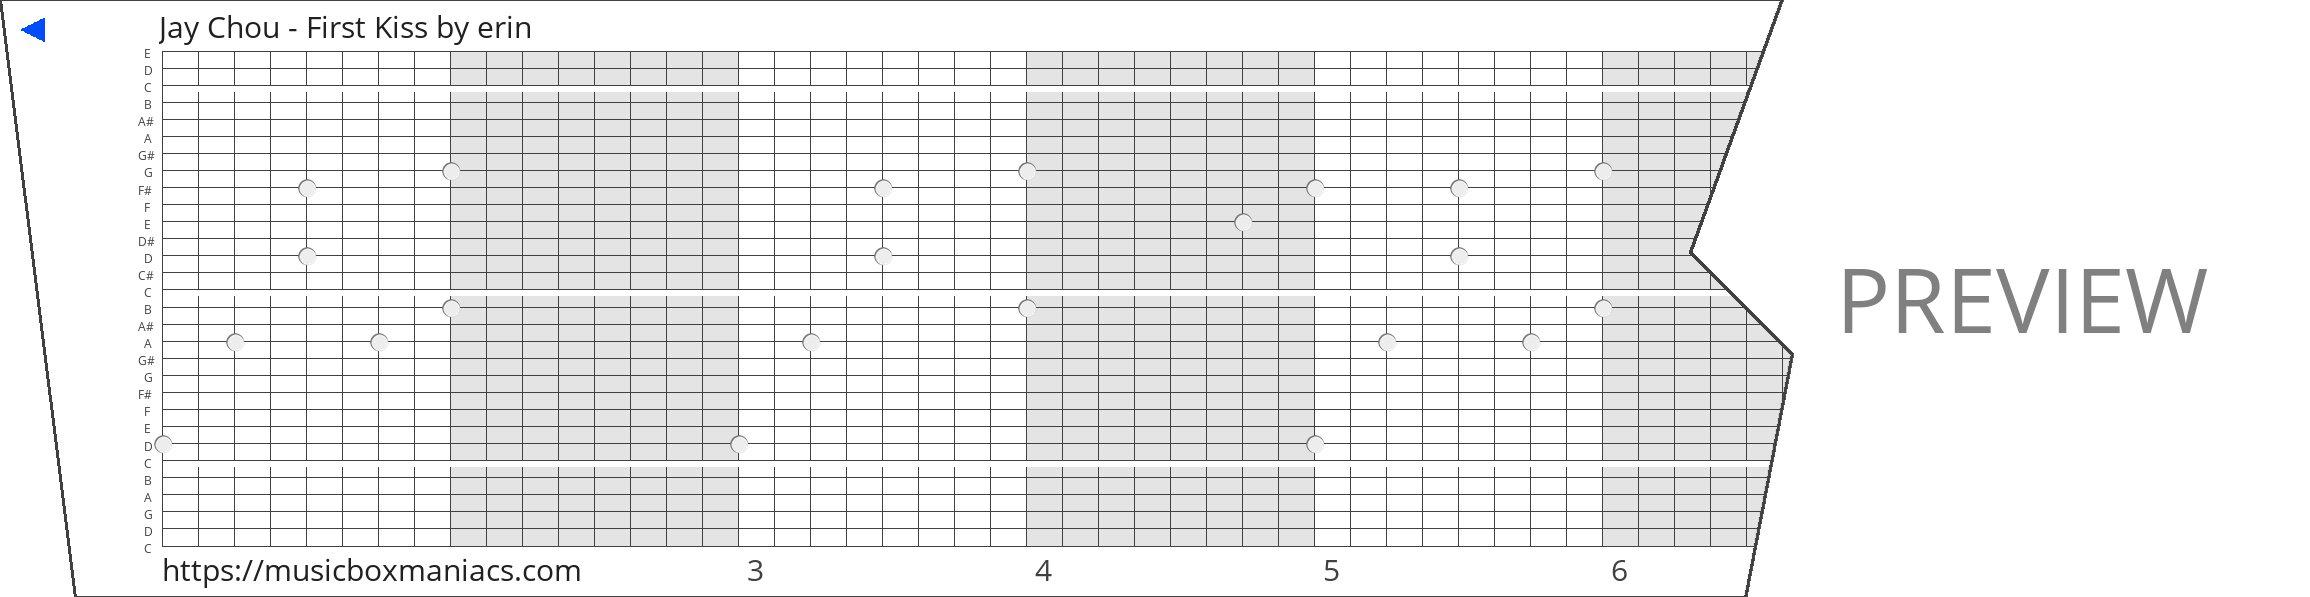 Jay Chou - First Kiss 30 note music box paper strip
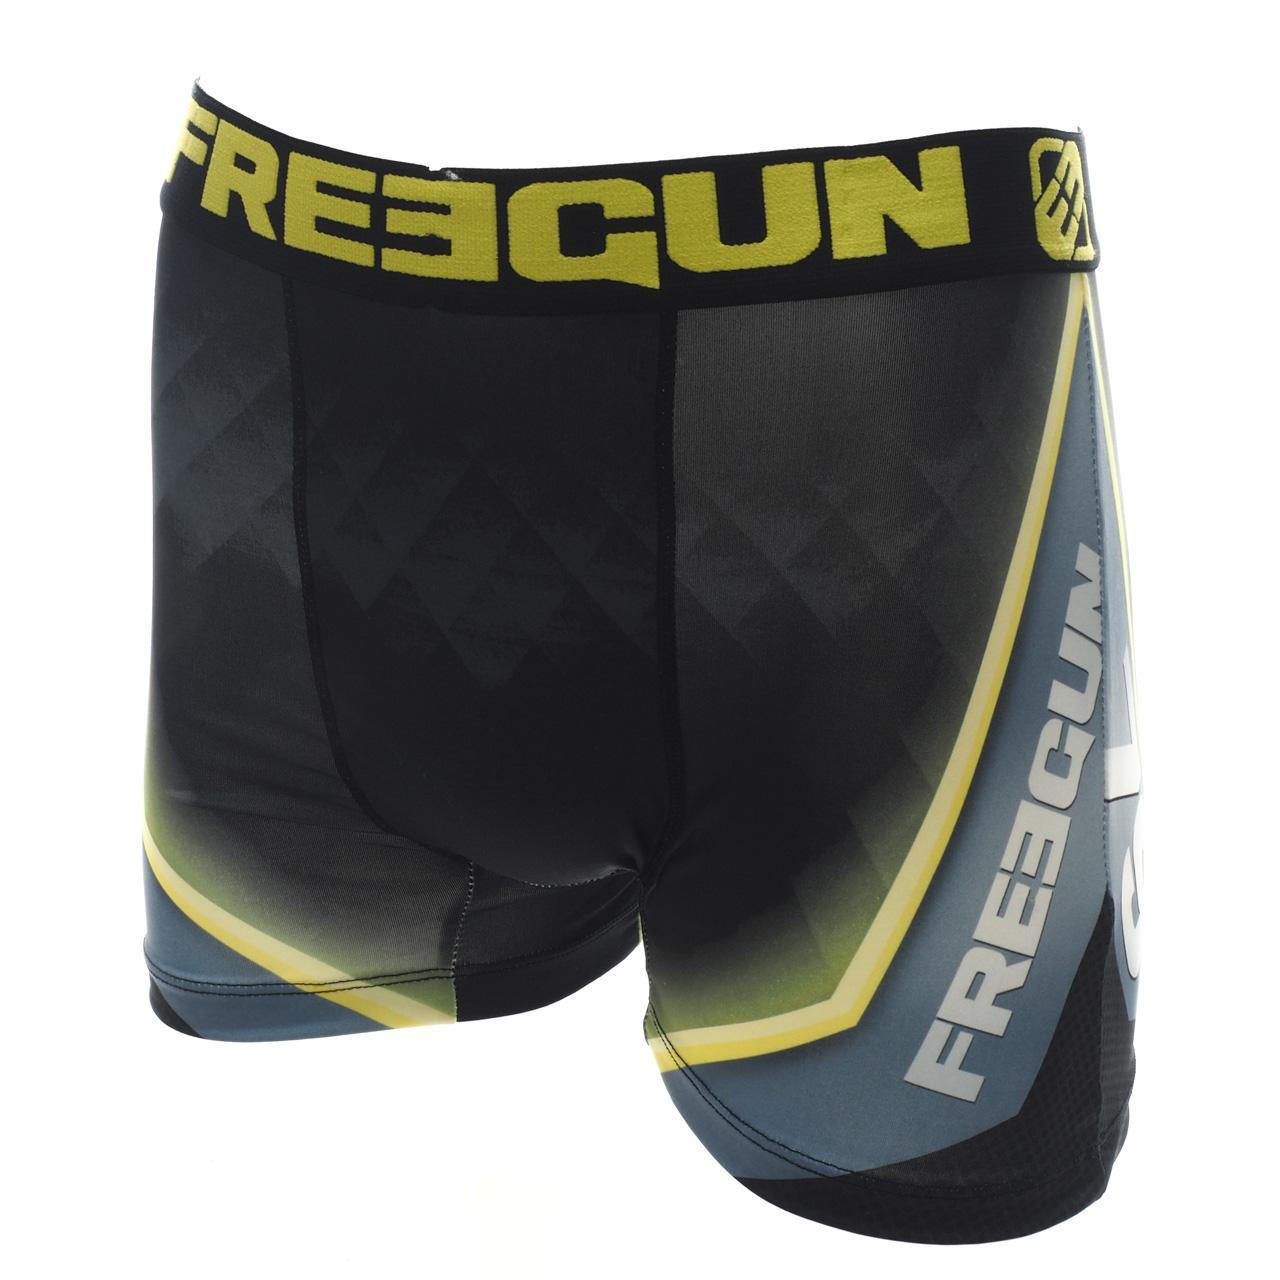 Underwear-Boxer-Freegun-Green-Black-Vrt-Black-Boxer-17919-New
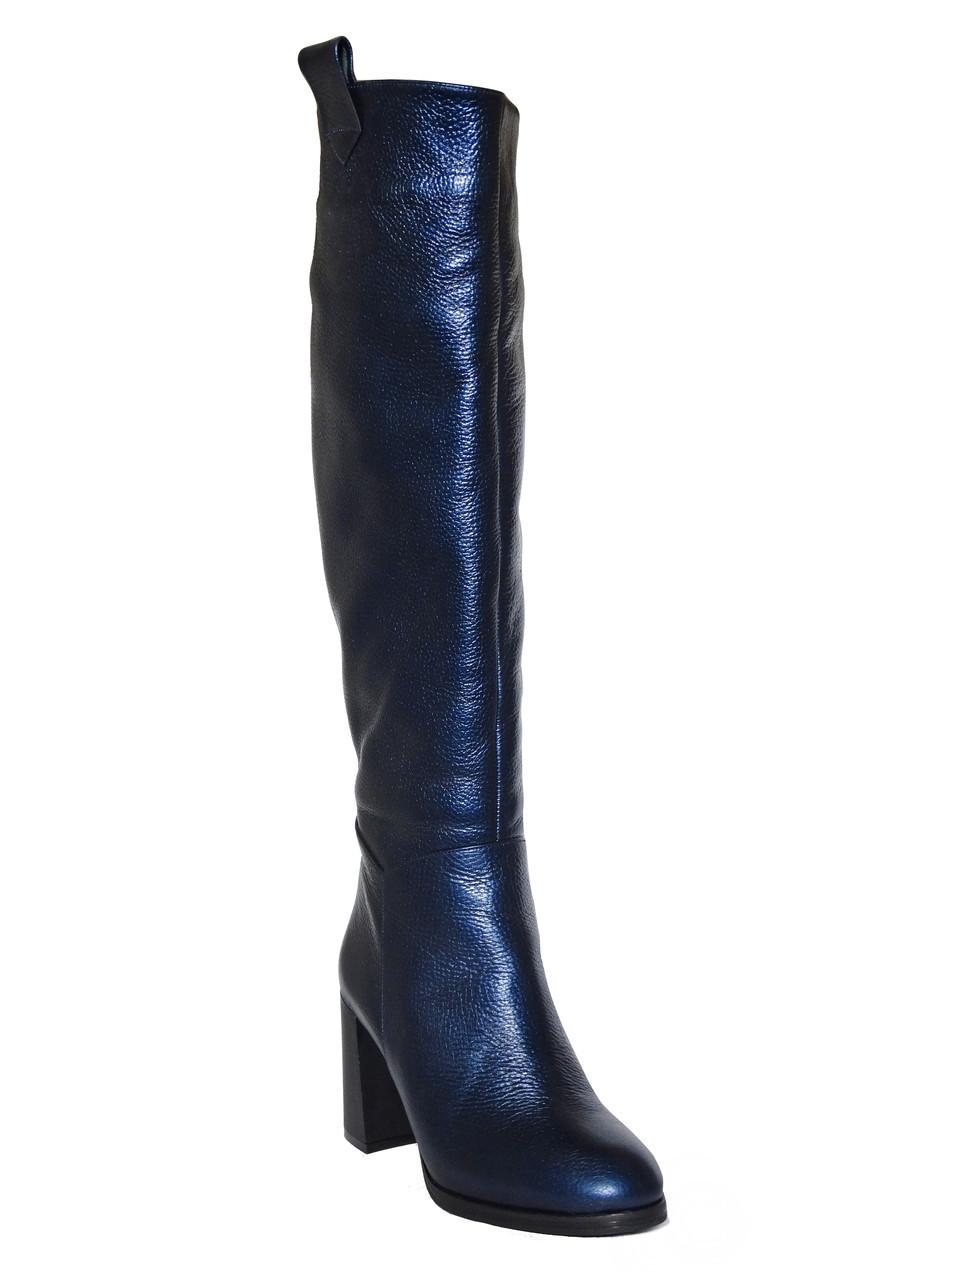 9d491028efba Женские кожаные зимние сапоги на каблук (синие) Paoletti №1332: продажа,  цена в Одессе. ...
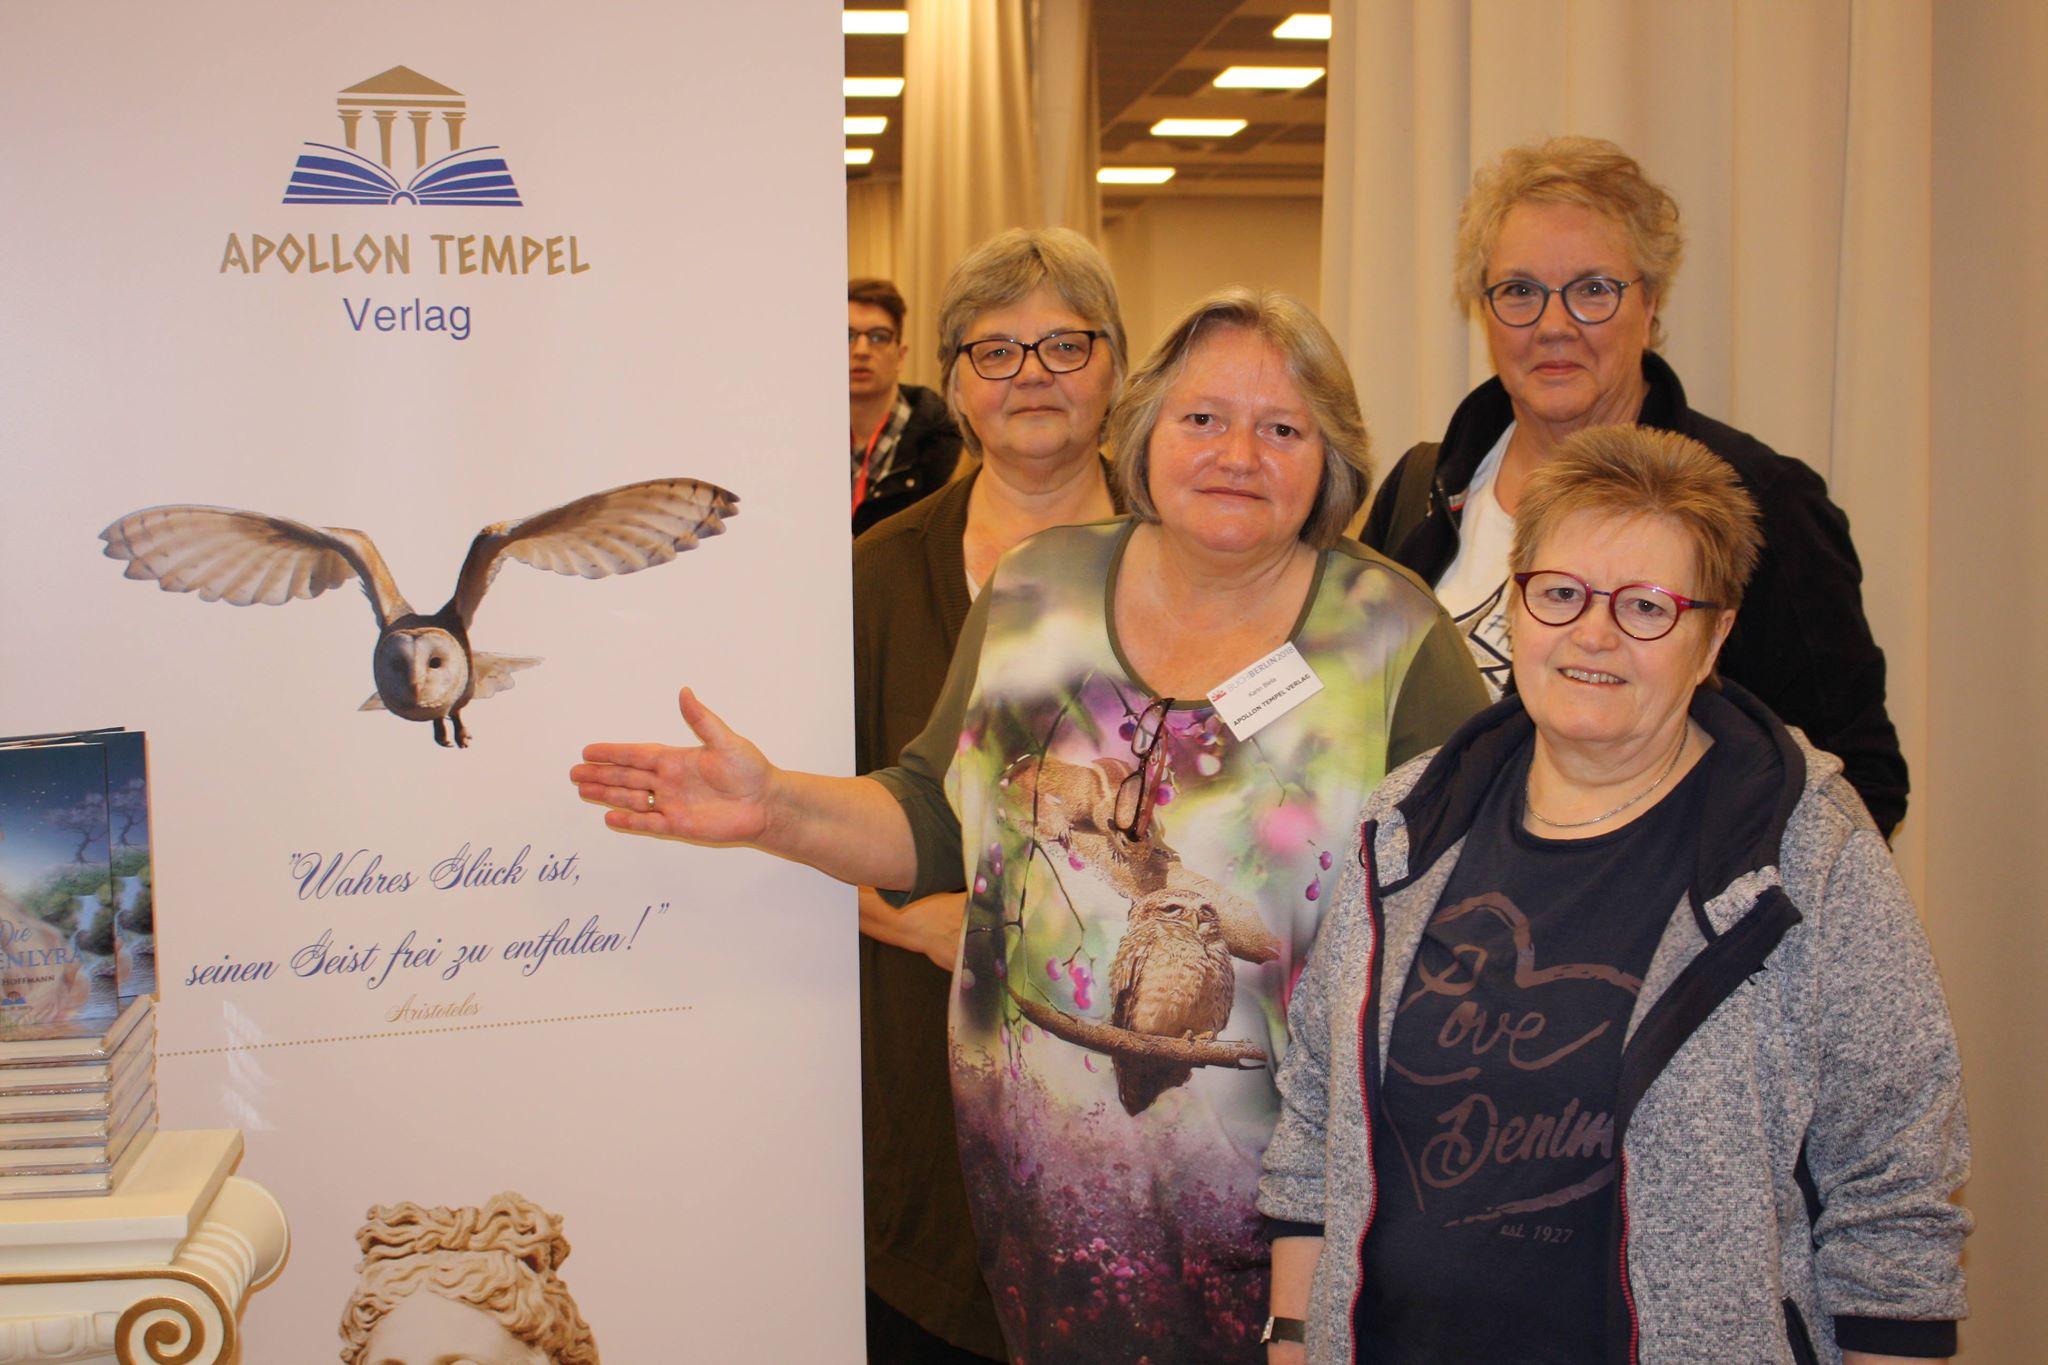 Buchmesse BuchBerlin 2018, Apollon Tempel Verlag
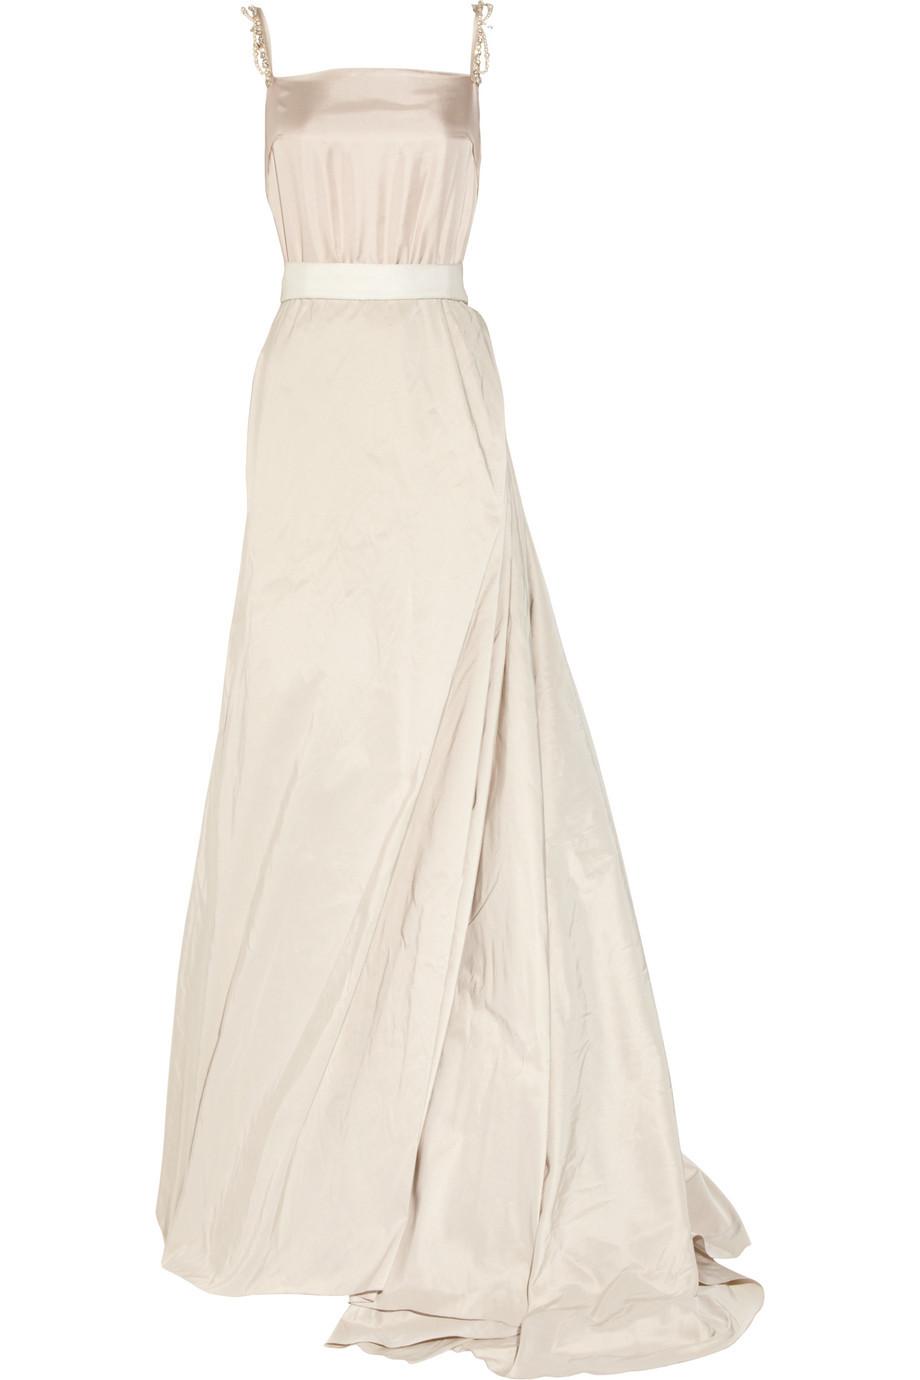 Creamy-lanvin-wedding-dress-square-neck-silk-taffeta.full
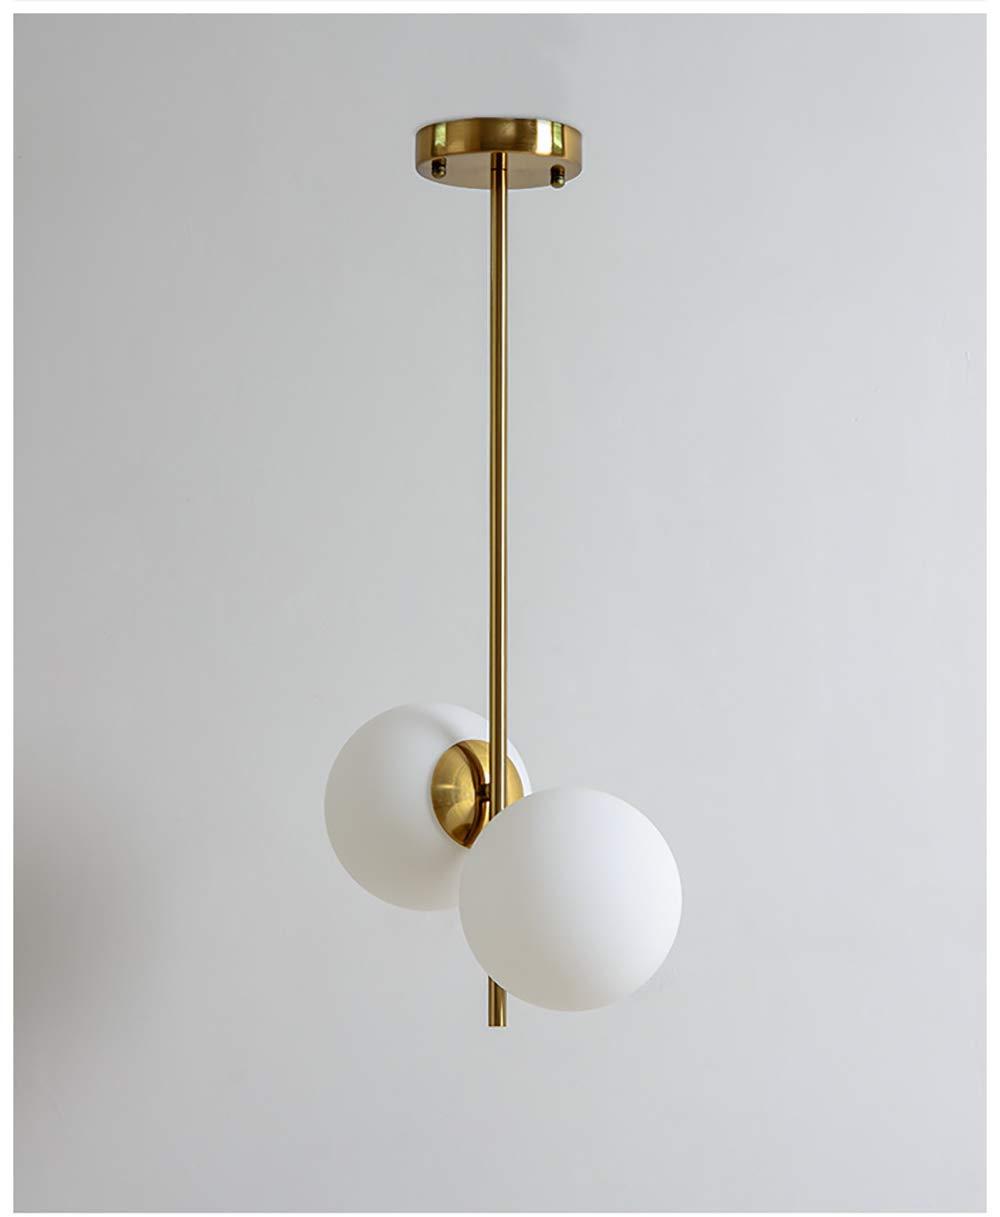 SXMY Bola de Cristal n/órdica Ara/ña Redonda L/ámpara Colgante LED Accesorio de iluminaci/ón Interior Luces Decorativas para la Sala de Estar dormitorio-gold-1head
---
> [WHAT YOU ARE ASKED TO DO]
Pictures are to be left out when the entries above are repeated exactly.

> [TASK SOLUTION]
 Jay Chou - First Kiss 30 note music box paper strip
 Underwear-Boxer-Freegun-Green-Black-Vrt-Black-Boxer-17919-New
 9d491028efba Женские кожаные зимние сапоги на каблук (синие) Paoletti №1332: продажа,  цена в Одессе. ...
 Buchmesse BuchBerlin 2018, Apollon Tempel Verlag
 Creamy-lanvin-wedding-dress-square-neck-silk-taffeta.full
 SXMY Bola de Cristal n/órdica Ara/ña Redonda L/ámpara Colgante LED Accesorio de iluminaci/ón Interior Luces Decorativas para la Sala de Estar dormitorio-gold-1head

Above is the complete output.